Aquí estamos muy lejos de esa pesadilla. Aquí estamos en Ciudad Rodrigo, culta y señorial capital agropecuaria en el campo bravo de Salamanca. Y estamos en vísperas del Carnaval Taurino, unas fiestas que restauran la vigencia del encierro y la capea, los orígenes del toreo y el presente de la tauromaquia en sus festejos mayores, protagonizados por importantes diestros. Pero en su centro está El Bolsín, un clarinazo de juventud, el vivero que fue, es y será la renovación de la Fiesta. Las fiestas taurinas de Ciudad Rodrigo nos llevan a los orígenes del toreo, viven su presente y nos anuncian su futuro. Que Dios reparta suerte en el Bolsín de 2019.

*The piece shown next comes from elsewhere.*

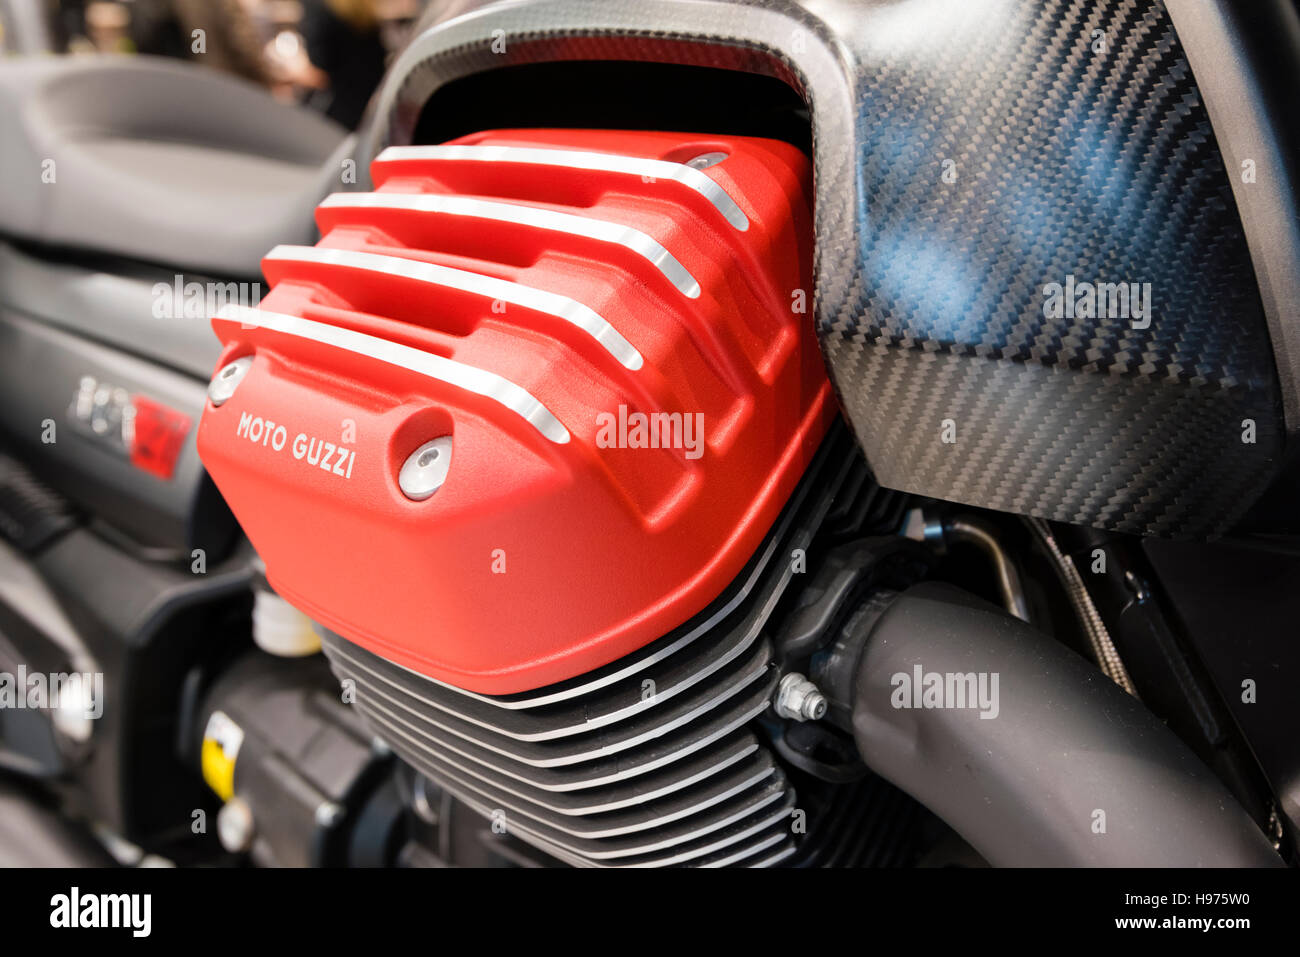 Motor guzzi motorbike motorcycle hi-res stock photography and images - Alamy

Finalmente, quiero dedicar estas palabras a uno de los mejores toreros de la historia del toreo, Santiago Martín "El Viti". A Juan Ignacio Pérez-Tabernero, un gran ganadero que ha resucitado el prestigio de los legendarios "APÉS" Y a Miguel Cid, ex alcalde de esta ciudad, extraordinario aficionado y un político ejemplar. Nada más. Muchas gracias.